# TiVo vs FiOS Quantum for 6 TVs??



## Beersnob (Apr 22, 2015)

Hello all...hoping some of you can help me decide which road to take for what I NEED to do.

For the past 6+ years I used a Tivo Premier XL connected to an HD antenna on the roof. Internet was Brighthouse cable. The house was small and we only had 1 location to watch quality TV (quality as in big screen and 5.1, etc). The bedroom was just wired to antenna, no DVR.

Sooo, we sold that house and decided to build. The new house is not in a good location for OTA, so therefore I ordered FIOS. I requested 1 cable card for the Premier and 1 non-dvr box to start off as I did not have all the TVs bought yet.

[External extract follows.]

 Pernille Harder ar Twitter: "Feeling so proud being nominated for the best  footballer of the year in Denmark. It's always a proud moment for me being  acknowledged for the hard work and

I instructed my builder to install coax in 6 locations. (The main living/family room, the bar room, 2 guest rooms, the master and out on the lanai.
A few weeks after move in I wanted to get going on setting up all the locations, but soon realized the cost increase of renting each HD, non-dvr box at something like $10 a box. And I wanted a DVR out on the Lanai as that will be used nearly as often as the main room.
I started to research DirectTV as they provide like 5 or 6 boxes for no more money than 1 box. While I researched it, I got on the phone with Verizon to get a better understanding of my bill and to see if I will be "penalized" for having just Internet should I decide to drop them for Sat. During the call the Verizon sales guy advises me of this Quantum program/package they have that would be $10 more then I was currently paying, but would get a better DVR and up to 6 client boxes to cover all my locations. It allows for pausing in any room, blah blah, so fourth and so fourth. I'm thinking sweet!, it's exactly what I need and I dont have to rent each box. 

Well, 2 days ago a large box came with the new DVR (server box) and 5 client boxes and soon after set a few of them up.

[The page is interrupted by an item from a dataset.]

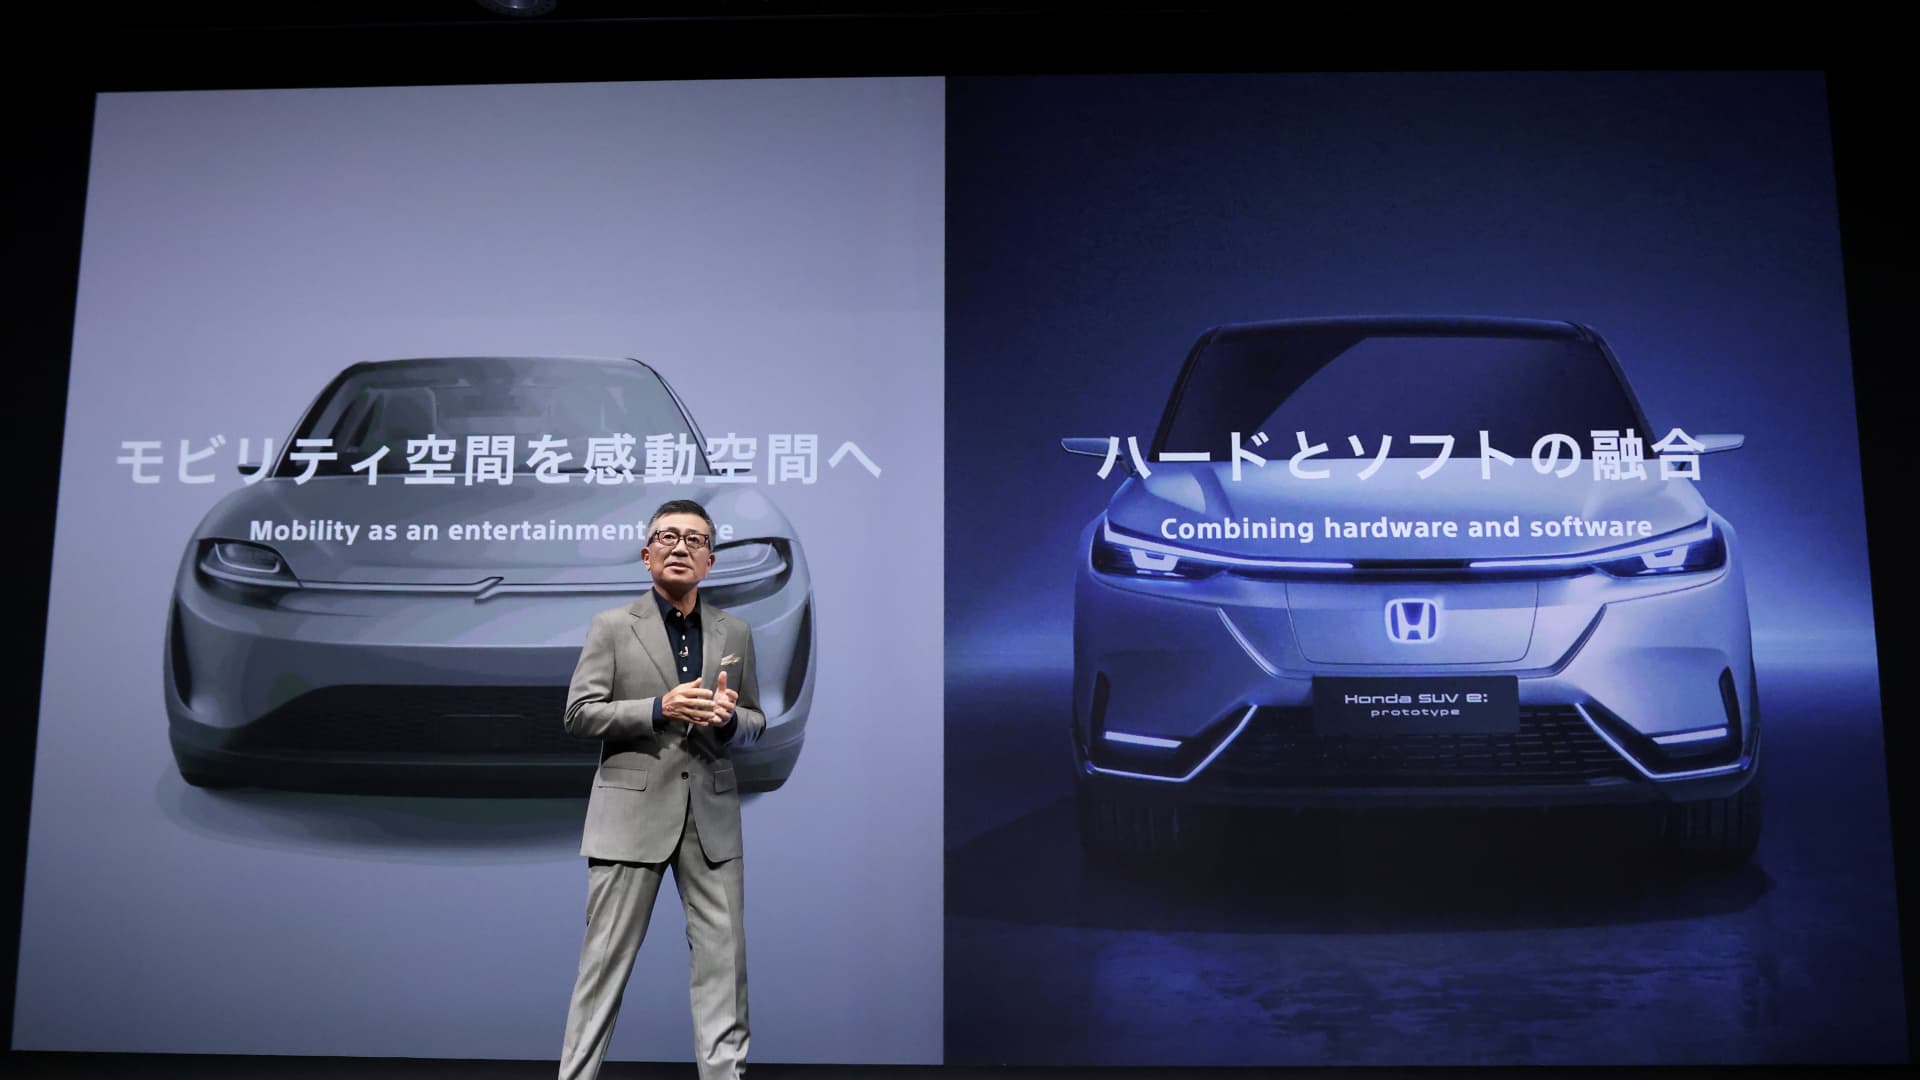 Sony and Honda plan to start U.S. deliveries of their EV in 2026

O_M_G! I hate the DVR front end / software / GUI. It's horrible and miss the simplicity of the TiVo screens. I miss the new one pass or whatever they are calling it. I miss the access to Pandora, Netflix, etc etc. I even miss the fact that recorded shows or even shows listed in the guide for that matter do not indicate the Season and Episode (S3 E15).

Everything else about the Fios Quantum package is great, the small client boxes each with a front clock, the ability to pause and rewind on ANY of those client boxes even though they are not DVRs....a lot of great features, but the damn channel guide and recorded shows list is a cluster F.

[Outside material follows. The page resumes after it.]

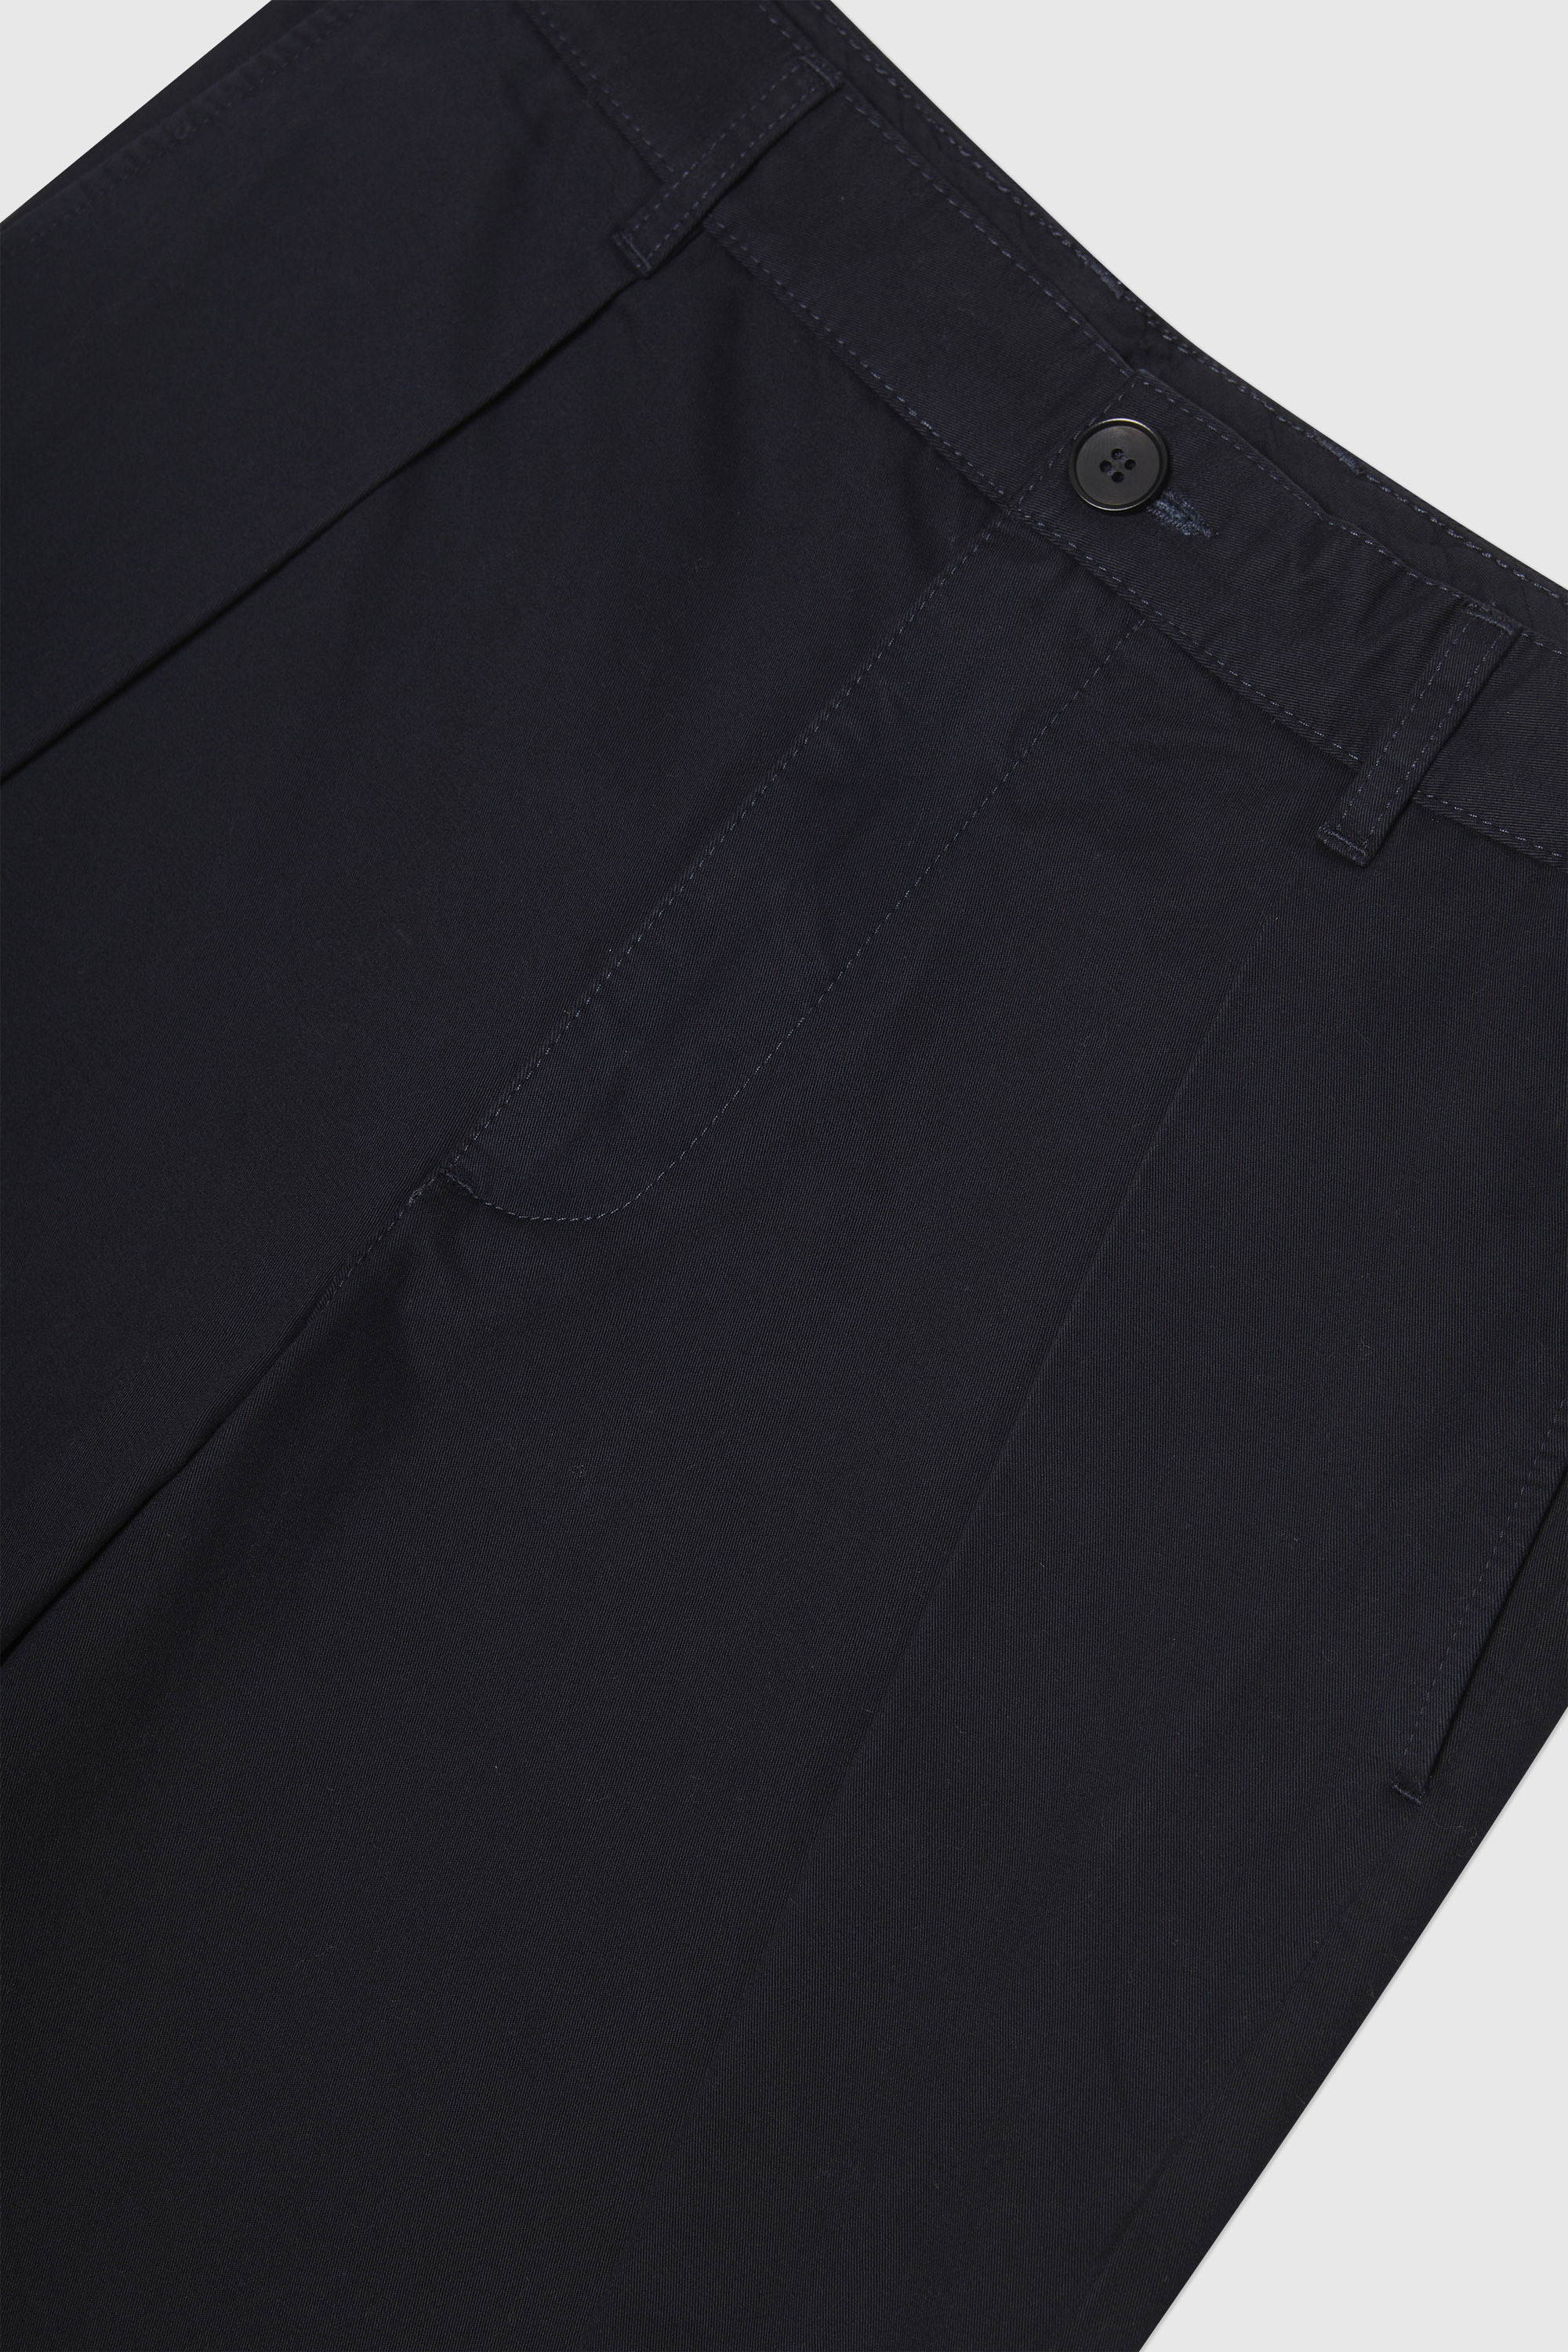 Wood Wood Fraser Pleated Chino Navy | WoodWood.com

How do I solve my problem if I go all Tivo? I saw that the Roamio Plus "works" with Fios but is it a card? 
Whats the minimum I have to rent from Fios to get TV in 6 rooms?
I did not get the house wired for Cat5. Is this a problem. Right now the Fios router (50up/50down) is located in main room with Cat5 going to AppleTV, Tivo, Fios Server/DVR, Smarthings Hub, and PS3.

Thanks


----------



## BruinGuy (Apr 16, 2015)

Your solution with Tivo is easy. You buy a Roamio Plus and 5 Tivo minis. The Roamio has 6 tuners and works exactly as the FIOS whole home DVR works. I'm replacing the FIOS DVR and satellite boxes just like you. 

You'll need to order a "cable card" from Verizon for the Roamio Plus. It costs $4.99 per month. A lot better than the $29 for DVR plus $50 for your HD satellite boxes. 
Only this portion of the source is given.